I’m helping to organize a fancy, expensive annual dinner for about 100 women in the food professions. The chef presented his menu to us, and each of the 7 courses were his most extravagant creations. Meat, mushrooms and cream formed it’s base. My first reaction was, this meal is brown and boring!

The pleasures of the new “farm to table” cuisine (you know, the ever so trendy buy local) is that the chefs have a great love and respect of the basic ingredients. They don’t want to hide them; they want to showcase them. A beet looks and tastes like a beet, chard is wilted, not pureed with cream into pablum. And the meat! Often from rare breeds, raised in small herds, on pasture, it has a different flavor and fat profile than what you usually see coming from the huge farms. A chef has to handle it just so. A good chef brings out the flavor notes of the region.

I’ve been away for a few days, researching my next book. Part of the research required that I dine at the Sheppard Mansion in Hanover, Penn. Their chef, Andrew Little, grew up in this area that is rich in agricultural resources. Luckily for Hanover, after stints at some nationally known restaurants, he returned home. In Hanover, he knows the “tomato lady” and the cheese maker and where to find the best sweet corn. The owners of the Mansion raise Scottish Highland Cattle, just to have good beef for the table. They’ve contracted with a farmer for pastured pigs. I’m trying to convince them to raise their own chickens.

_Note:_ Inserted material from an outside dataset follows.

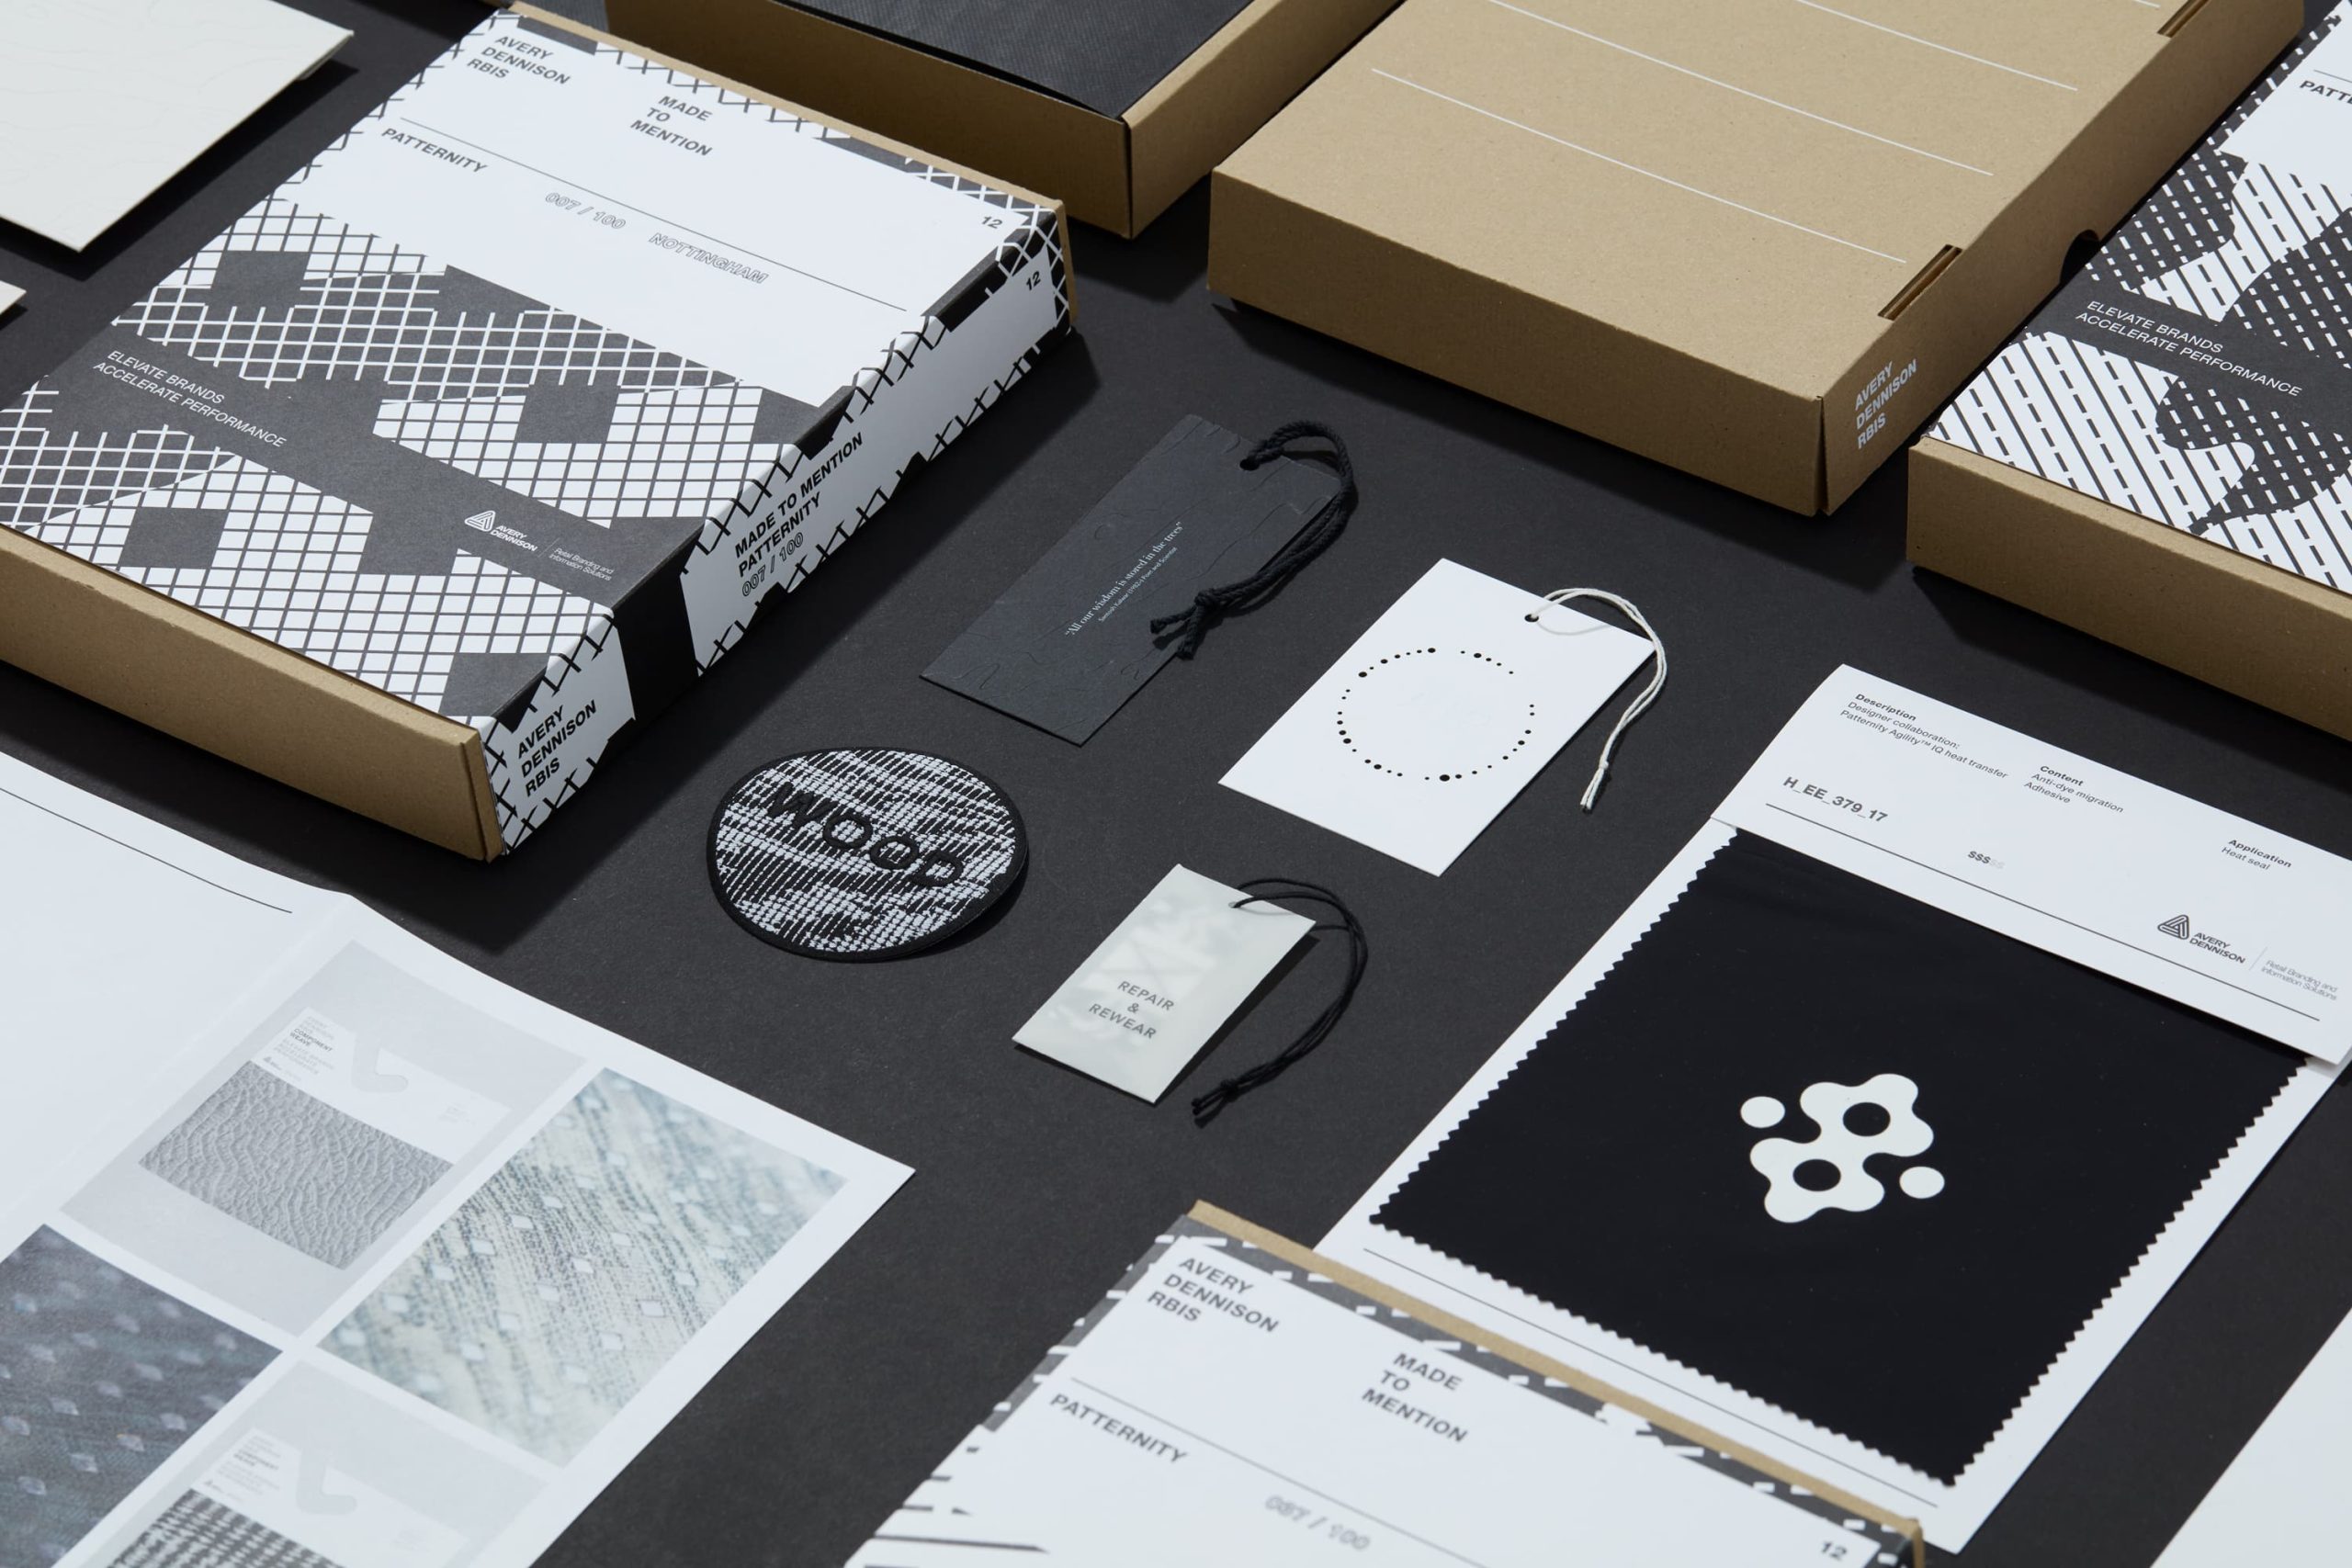 Avery Dennison collaboration with Patternity. Photo of all the box contents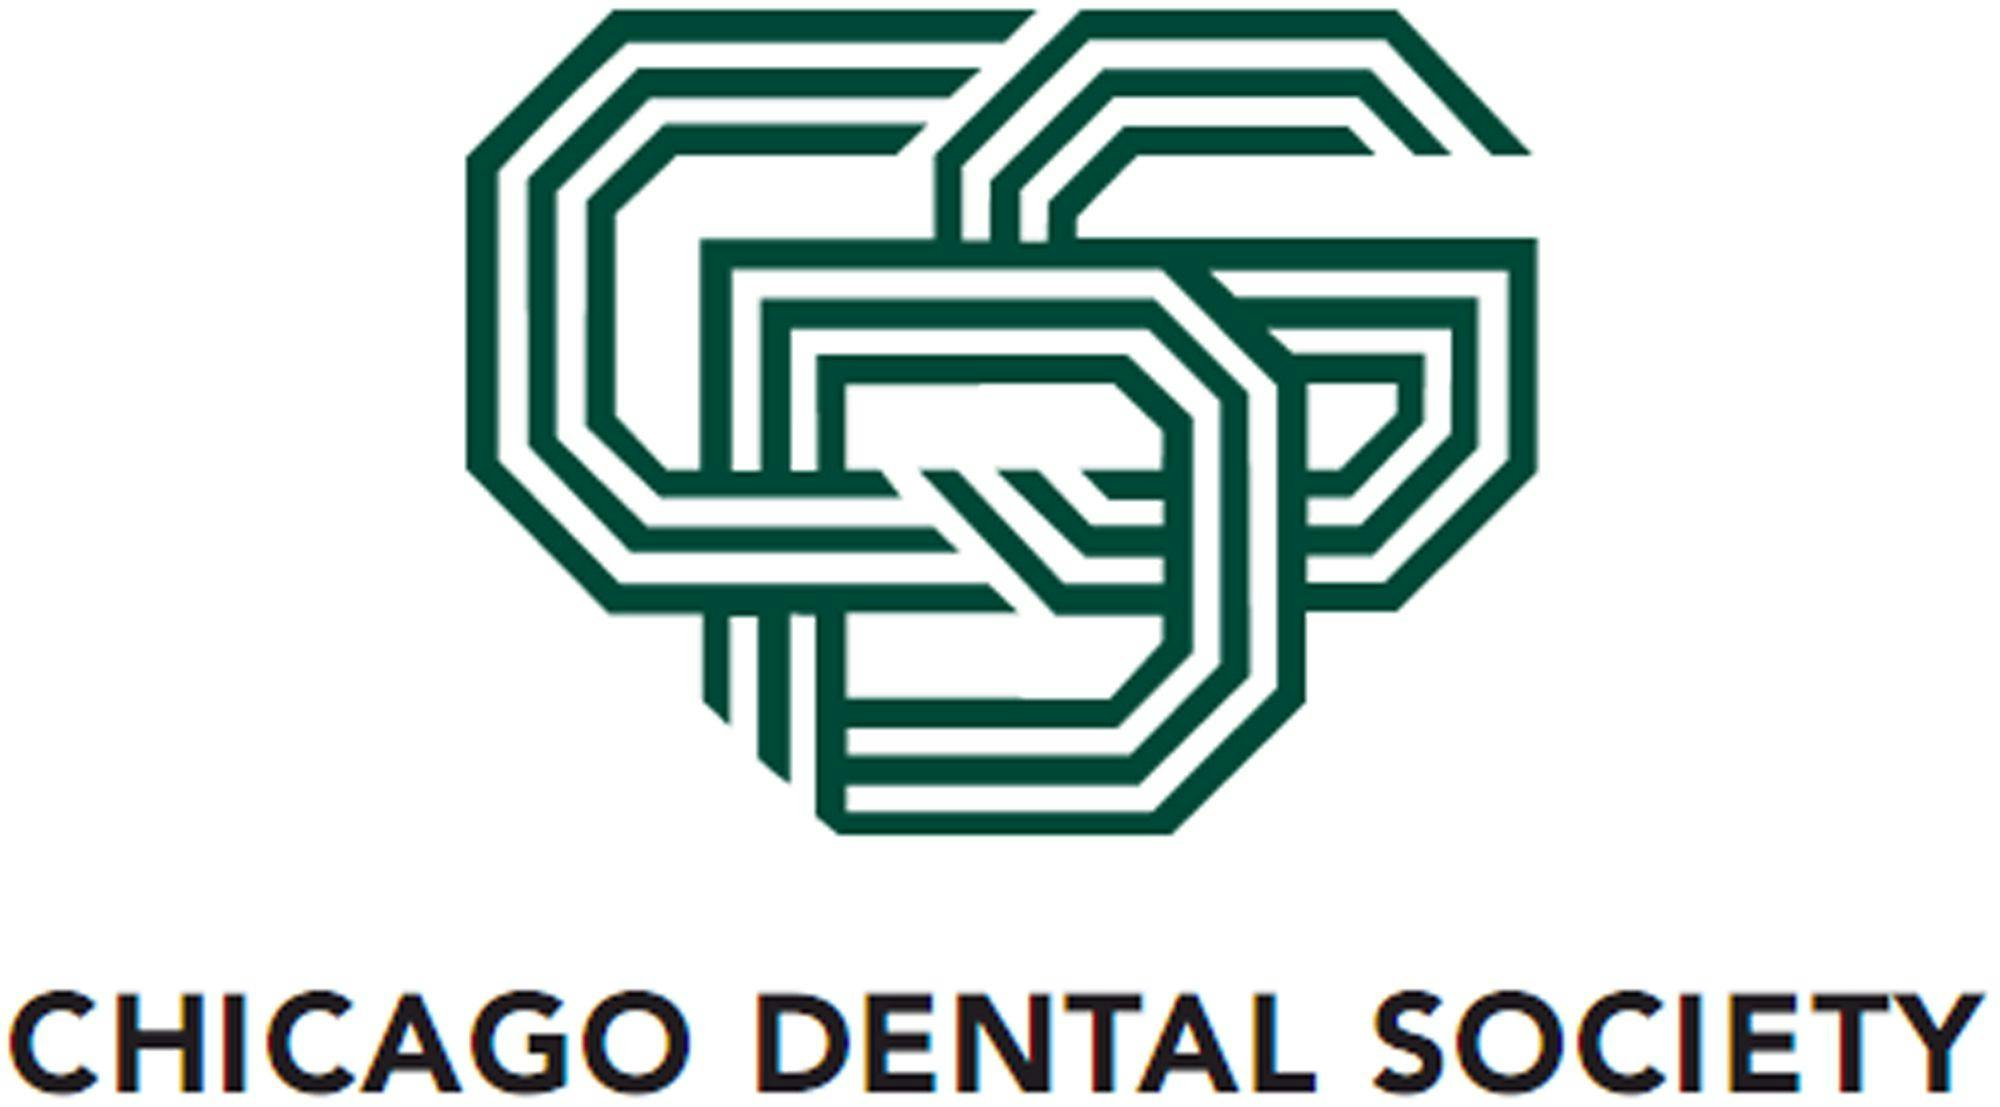 Chicago Dental Society Honors Dr Keith Suchy and Karen Davis at Midwinter Meeting

The food, from a chef who spends much of his time sourcing ingredients, is just the way I like it- dishes sparkling with color, and with flavors that speak of the ingredients. It doesn’t hurt that the breads and desserts are made with care on the premises. (I live and die by the bread basket.) Best of all, after a three-course meal, I felt sated but not bloated.

The best thing to do after a meal at the Sheppard Mansion is to spend the night there. I had to do that, too, for my research. (Yes, it’s a hard job, but someone has to do it!)